The core/shell particles which can be used in accordance with the invention can be produced by various processes.

A preferred way of obtaining the particles is a process for the production of core/shell particles by a) surface treatment of monodisperse cores, and b) application of the shell of organic polymers to the treated cores.

In a preferred process variant, a crosslinked polymeric interlayer, which preferably contains reactive centres to which the shell can be covalently bonded, is applied to the cores, preferably by emulsion polymerisation or by ATR polymerisation. ATR polymerisation here stands for atom transfer radical polymerisation, as described, for example, in K. Matyjaszewski, Practical Atom Transfer Radical Polymerisation, Polym. Mater. Sci. Eng. 2001, 84. The encapsulation of inorganic materials by means of ATRP is described, for example, in T. Werne, T. E. Patten, Atom Transfer Radical Polymerisation from Nanoparticles: A Tool for the Preparation of Well-Defined Hybrid Nanostructures and for, Understanding the Chemistry of Controlled/“Living” Radical Polymerisation from Surfaces, J. Am. Chem. Soc. 2001, 123, 7497-7505 and WO 00/11043. The performance both of this method and of emulsion polymerisations is familiar to the person skilled in the art of polymer preparation and is described, for example, in the above-mentioned literature references.

The liquid reaction medium in which the polymerisations or copolymerisations can be carried out consists of the solvents, dispersion media or diluents usually employed in polymerisations, in particular in emulsion polymerisation processes. The choice here is made in such a way that the emulsifiers employed for homogenisation of the core particles and shell precursors are able to develop adequate efficacy. Suitable liquid reaction media for carrying out the process according to the invention are aqueous media, in particular water.

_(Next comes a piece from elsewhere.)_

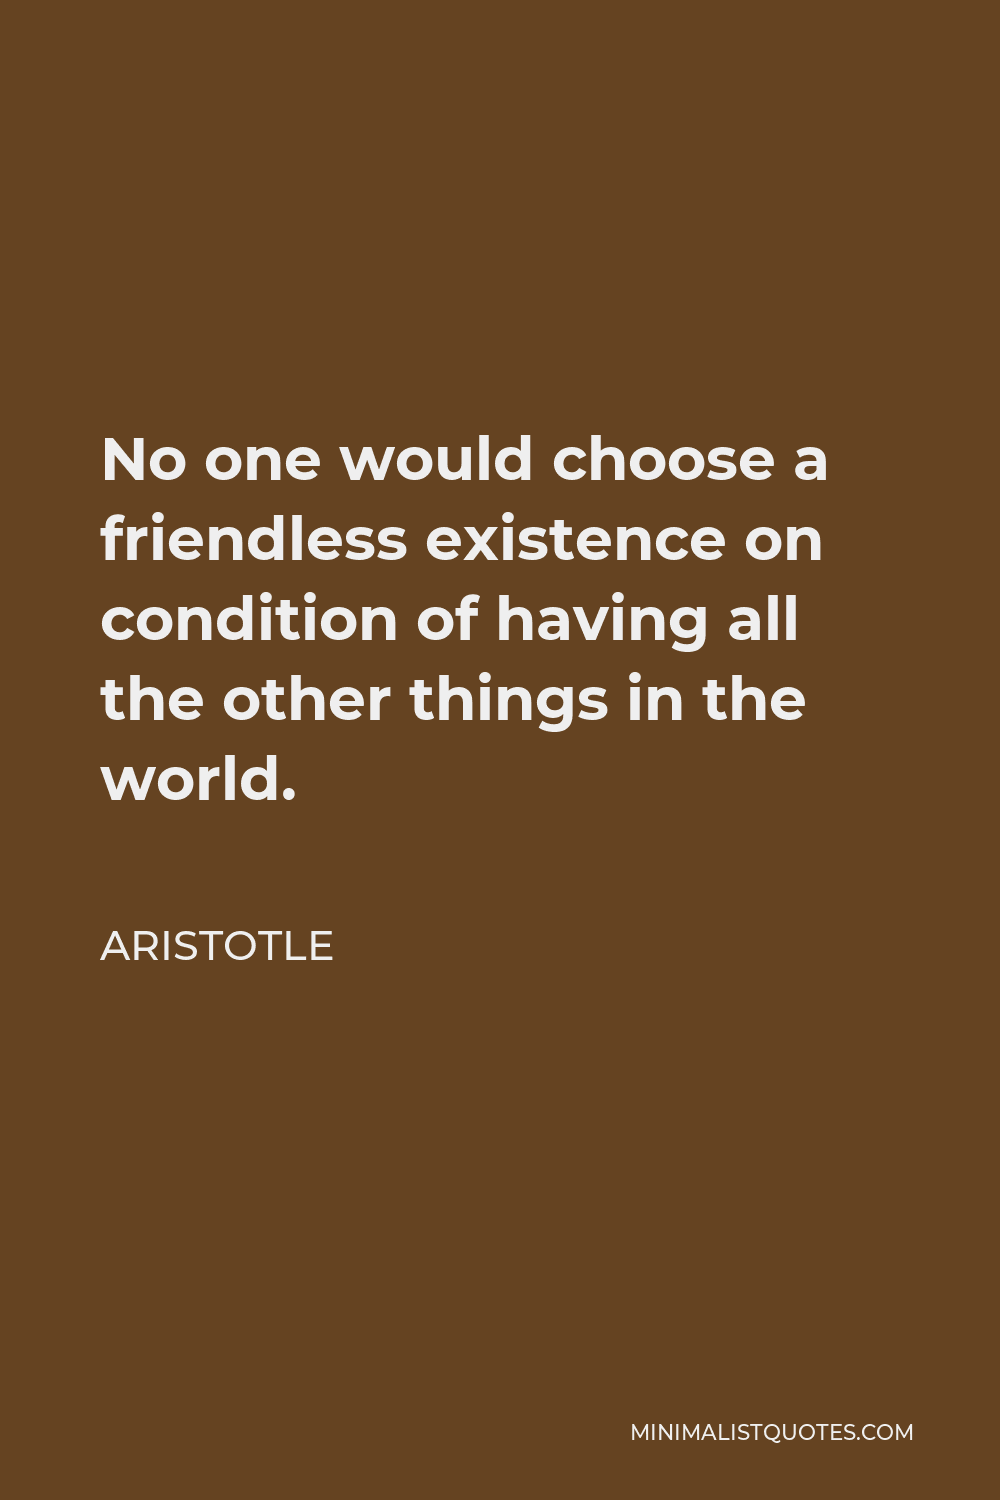 Aristotle Quote - No one would choose a friendless existence on condition of having all the other things in the world.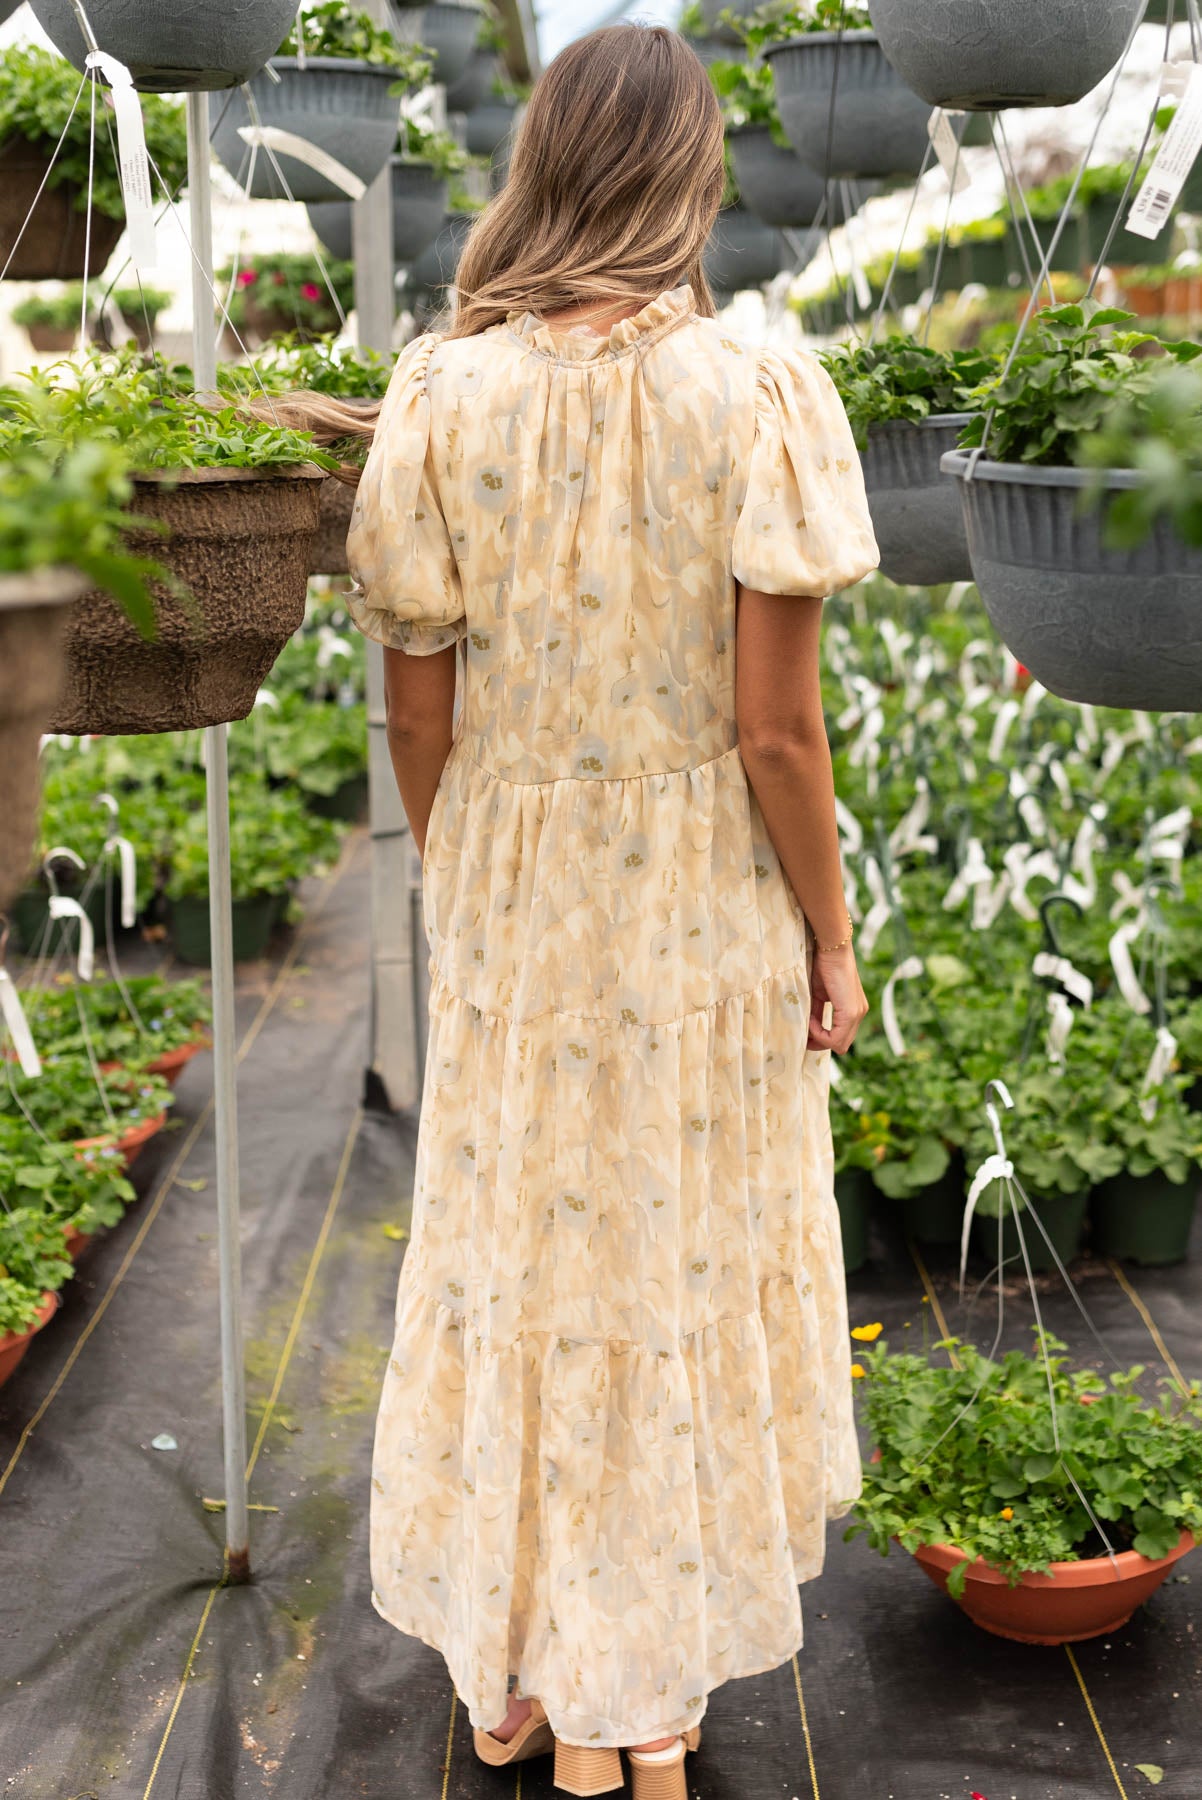 Back view of the tan pattern tiered dress

Suitable for initiation of the polymerisation are, for example, polymerisation initiators which decompose either thermally or photochemically, form free radicals and thus initiate the polymerisation. Preferred thermally activatable polymerisation initiators here are those which decompose at between 20 and 180° C., in particular at between 20 and 80° C. Particularly preferred polymerisation initiators are peroxides, such as dibenzbyl peroxide, di-tert-butyl peroxide, peresters, percarbonates, perketals, hydroperoxides, but also inorganic peroxides, such as H2O2, salts of peroxosulfuric acid and peroxodisulfuric acid, azo compounds, alkylboron compounds, and hydrocarbons which decompose homolytically. The initiators and/or photoinitiators, which, depending on the requirements of the polymerised material, are employed in amounts of between 0.01 and 15% by weight, based on the polymerisable components, can be used individually or, in order to utilise advantageous synergistic effects, in combination with one another. In addition, use is made of redox systems, such as, for example, salts of peroxodisulfuric acid and peroxosulfuric acid in combination with low-valency sulfur compounds, particularly ammonium peroxodisulfate in combination with sodium dithionite.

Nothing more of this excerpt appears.